■ THE DATA:
*****

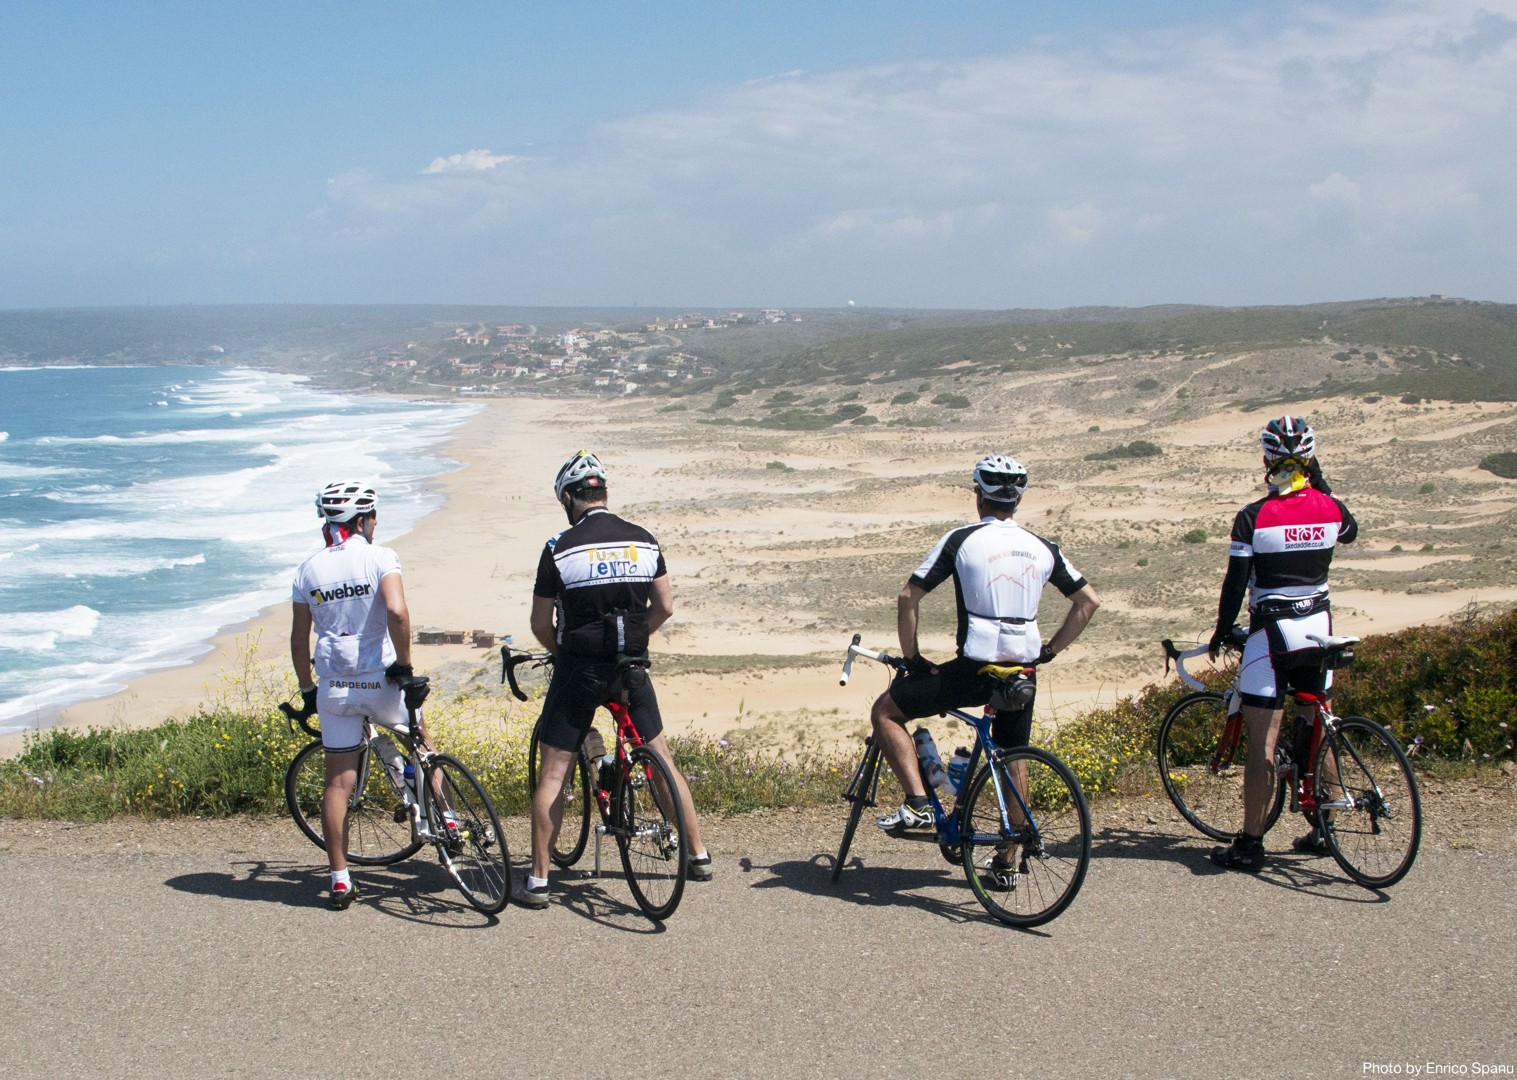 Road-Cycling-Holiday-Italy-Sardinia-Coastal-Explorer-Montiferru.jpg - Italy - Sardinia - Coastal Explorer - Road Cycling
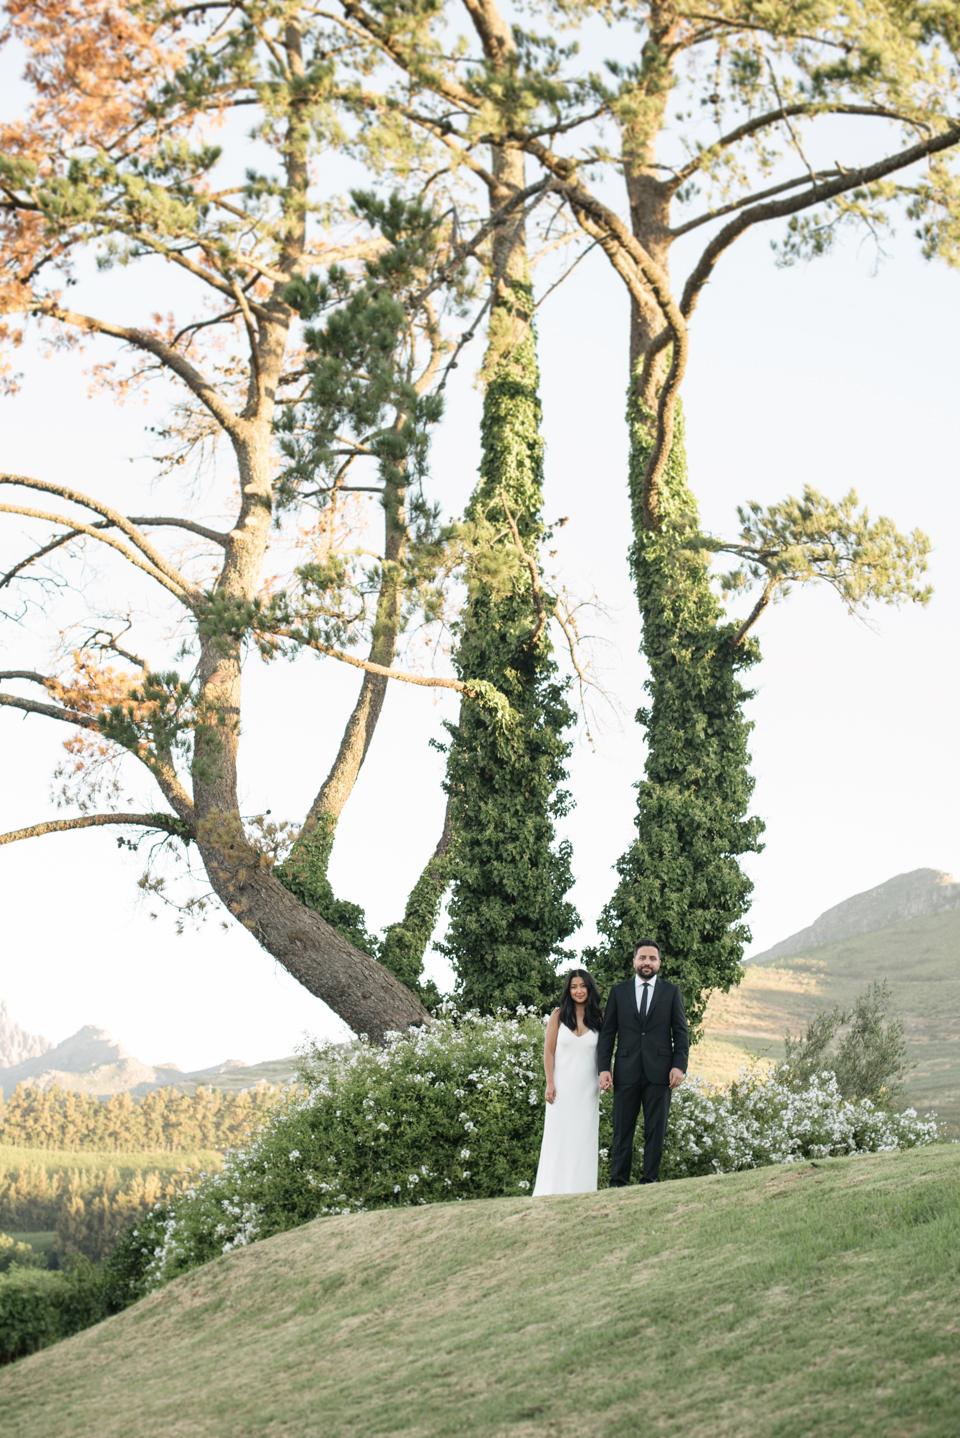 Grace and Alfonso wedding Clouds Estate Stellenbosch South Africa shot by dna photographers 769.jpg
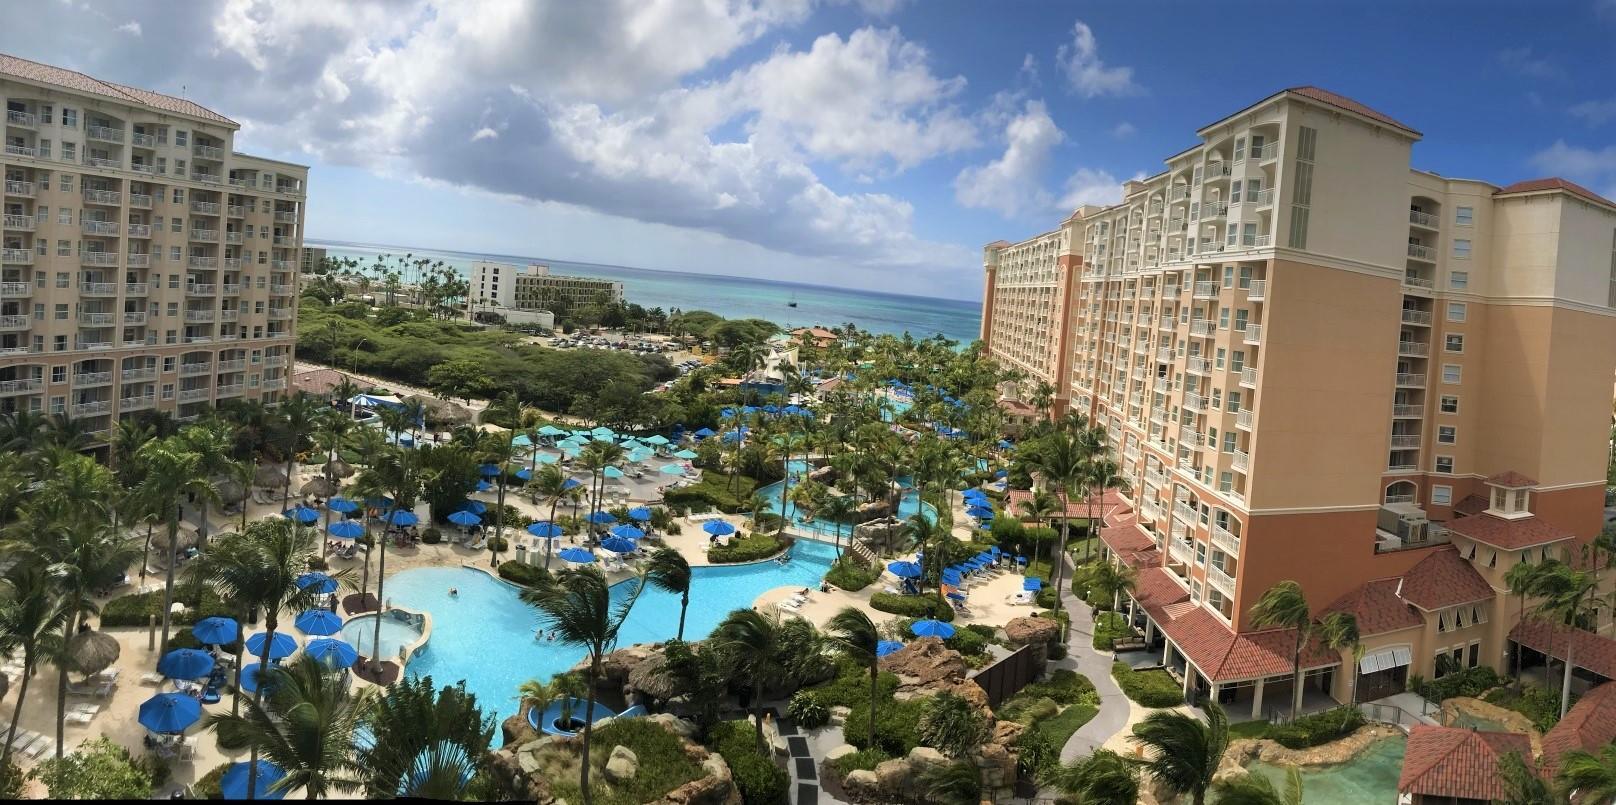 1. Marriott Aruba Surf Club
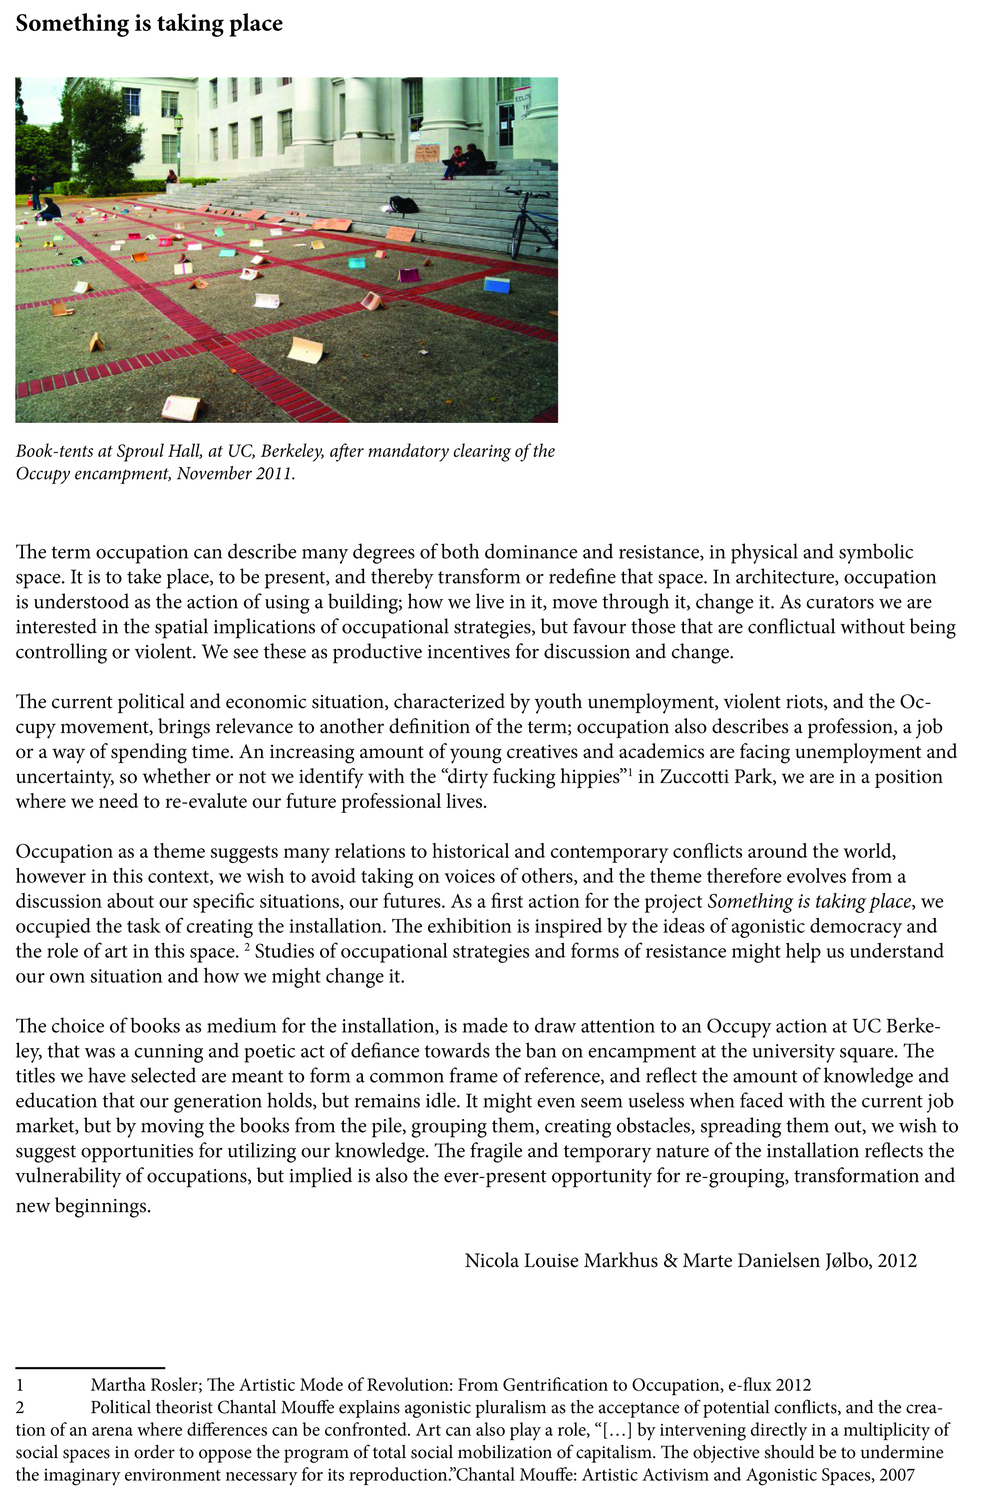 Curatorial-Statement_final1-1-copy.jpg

*****

■ ASSIGNMENT:
Copy, without the pictures, exactly the lines from the line with "Grace and Alfonso" through the end of the material above, both ends included.

■ REPLY:
 Grace and Alfonso wedding Clouds Estate Stellenbosch South Africa shot by dna photographers 769.jpg
 1. Marriott Aruba Surf Club
 Curatorial-Statement_final1-1-copy.jpg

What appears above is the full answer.